За столом солдат стал рассказывать.
— Военнопленный я, в германском плену был…
— Миньшу-то где видал? — перебила старуха.
— Погоди, старуха, не перебивай, пусть по порядку расскажет.
— С Михайлой мы уже в Москве встретились…
— Ну, как там? — в свою очередь перебил Чернорай.
— Там ничего, хорошо.
— Хм, хорошо?
— Хорошо, дед Чернорай. Как мы в бога, так они в коммуну свою, вроде религии она у них, или как церква, чтобы, значит, по-божьи жить, все вместе, одной семьей.
Задумался Чернорай.
— Можно ли так?
Гость поглядел на Алексея, — рассказал бы, мол, да не знаю, что за человек.
Старик с улыбкой махнул рукой.
— Рассказывай, свой человек, не иначе тоже большевик.
— Вот из-за того и кутерьма вся идет, что богатым ничего из своего отдавать не хочется.
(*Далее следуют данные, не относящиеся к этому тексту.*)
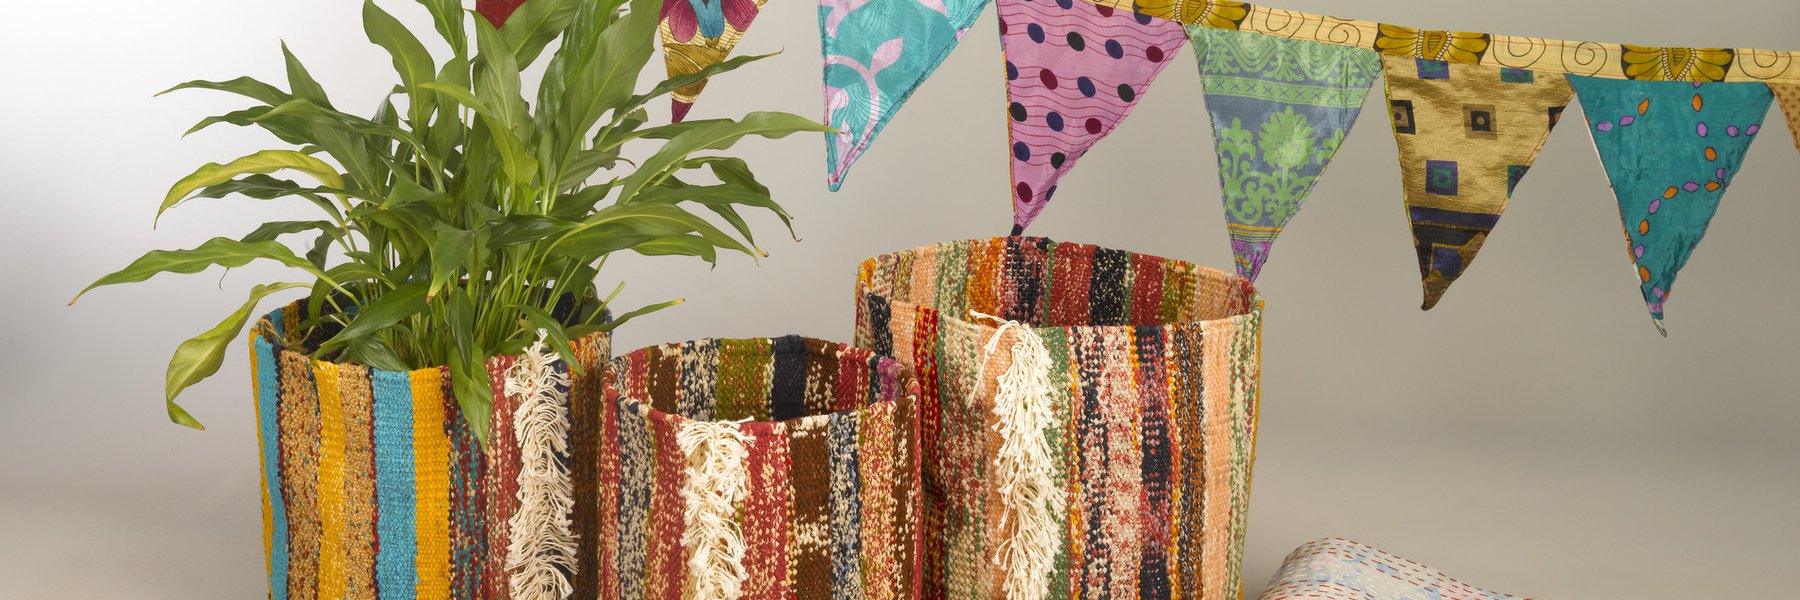 A selection of colourful baskets and bunting made from recycled saris

Помещикам землю жалко, фабрикантам заводы.
— Сыночек-то где, Миньша-то? — опять перебила старуха.
— Да, видишь ты, дело какое, — замялся Иван, — дошли мы с Михайлой до самой Самары…
— Вместе шли? — перебил Чернорай.
— Из самой Москвы вместе. Ну, а в Самаре и случись история эта самая… одним словом, пристали мы с Михайлой к большевикам.
Иван вынул из кармана аккуратно сложенную серую тряпочку, высморкался, опять также аккуратно сложил тряпочку и спрятал ее в карман.
— Ну, попали мы с Михайлой к чехам в плен, посадили нас в тюрьму, ну, потом, значит… Да вы не шибко пугайтесь, — сказал вдруг Иван и замолчал.
У Чернорая перехватило сразу голос.
— Ну, ну, рассказывай.
— Да ведь что ж, кланяйся, говорит, если жив останешься… скажи, говорит, что приказал долго жить.
Старуха уронила из рук блюдечко.
— Батюшки, сыночек!..
Под Чернораем закачался прочно сколоченный самодельный стул, тело поползло вниз. Побледневшая Настасья крепко закусила губы. Иван смущенно оглядел всех, почесал для чего-то в затылке и как-то неловко сказал:
— Одним словом, расстреляли Михайлу.